Let me preface this with: I'm a huge proponent of SQL when appropriate. I understand why Cassandra et al were required when generating dynamic live newsfeeds for each user in an ecosystem when the RDBMS query plan was pretty much designed in a naive non-uber-scalable-fashion.

That being said - let's take a field which changes fairly rapidly, all things considered - medicine. You have two forms of changes which can occur within your data model -- (a) definition changes where your schema stays the same effectively and (b) paradigm changes. Let's say you're with a patient and need to code in a ICD[1] value for whatever malady he has. A crude analogy would be a comparison between the Dewey decimal system and the ICD. As the ICD evolves, new codes might be added but the fundamental structure remains the same. So, a new database paradigm TotallyAwesomeRuleBasedImmutableDB pops up, and you just use the pre-existing code for "Databases" (say 20) and appropriate the next available integer in that set for TARBIdb(lets say, 73). No problems there. Essentially, we just inserting a new value (73, or added a new "smaller thing") into the set of Databases to universe U_1 by without violating any invariant properties. Consider (a) a non-issue.
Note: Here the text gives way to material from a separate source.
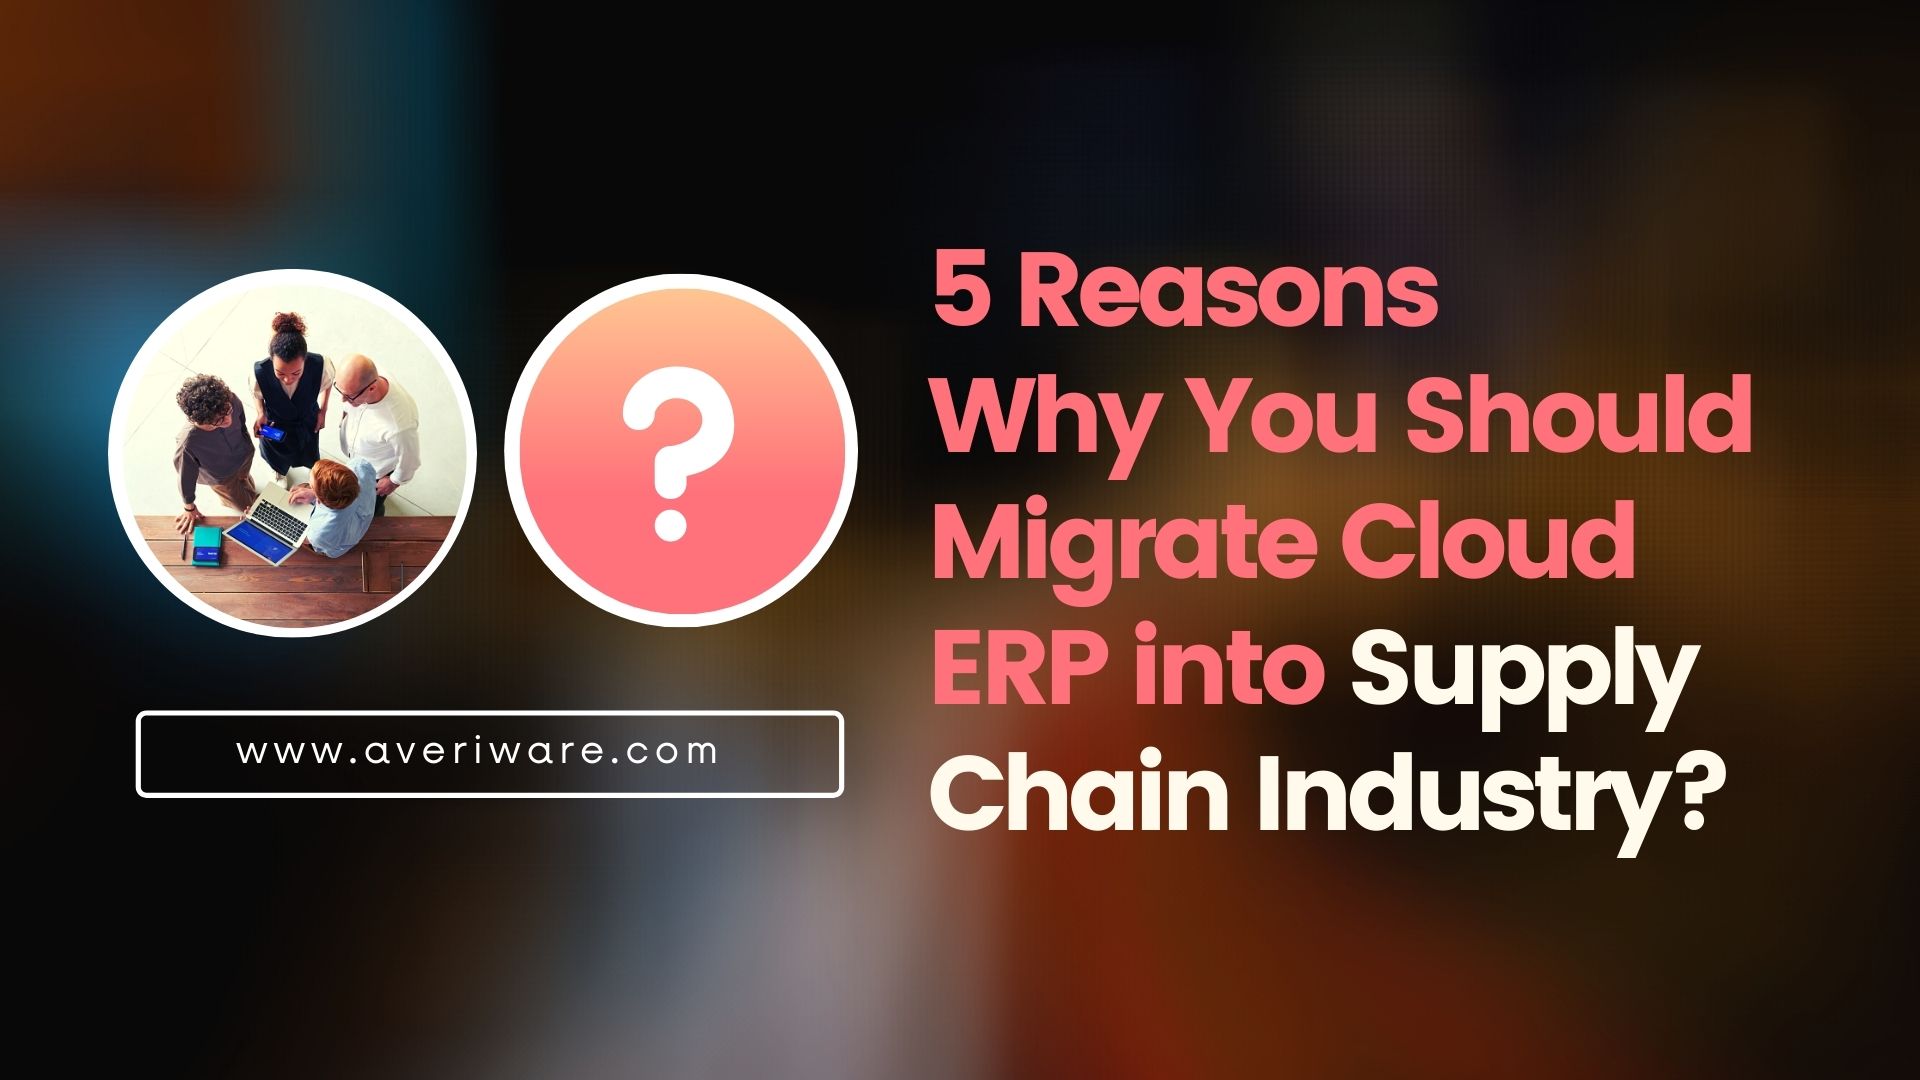 Why You Should Migrate Cloud ERP into Supply Chain Industry

The problem occurs when you need to address the issue of your patient being an alcoholic. Previously, this was referred to as trunksucht (loosely translated as: "dipsomania"). This would fall under the 305, 303, 291, or 980 codes depending on if you were say, a non-drinker with no psychological cravings for alcohol who pledged for a frat, drank too much and developed alcohol poisoning as a result of that. If you were a daily drinker exhibiting physical withdrawal symptoms, you would be coded from an entirely separate section. From the ICD-9 to ICD-10, the WHO reclassified this entirely (such that either patient would be coded in to an entirely new category 'F10').

This breaks a lot of things, from the front-end GUI which would do validation with a regexp [0-9]{,3}\.[0-9]* or some such which is trivial enough I suppose, to the stored procedures which then have to get vendor approved schema changes, all of which will be rolled up and sent to your IT guys who have to go through tedious QA to make sure everything works. (And I mean literally every modal dialog, every validation, every external XML-RPC call to bill out your patients insurance company, Universe U_2).

I've read Codd's paper, the entire ANSI SQL11 standard, and have a fair grasp of both major vendors. There is nothing in there about gracefully dealing with these situations. I suppose one could argue that an RDBMS' purpose is solely to act as a data-store while retaining availability and data integrity -- that is, U_1 is all your Oracle instance cares about (manage your tablespace's set of schema objects and the interaction between U_1 <--> U_2 is completely out of the scope of it's set of responsibilities). Maybe so, but when Oracle added the XMLType with full XPath selector capabilities in 9i (give or take?) they certainly co-opted the responsibility to deal with changes of a structural (that is, "of type 'b'") nature. Dynamically typing, weakening of type systems, writing to an 'duck typing'), serializing via the Protobufs methodology, etc are all just band-aids; we need a surgeon to go in there with some surgical sutures.

[1] https://en.wikipedia.org/wiki/ICD-10


Relational calculus is pretty fundamental. A better quote might be "Every application that uses complex data has buggy hand coded relational database plans it in."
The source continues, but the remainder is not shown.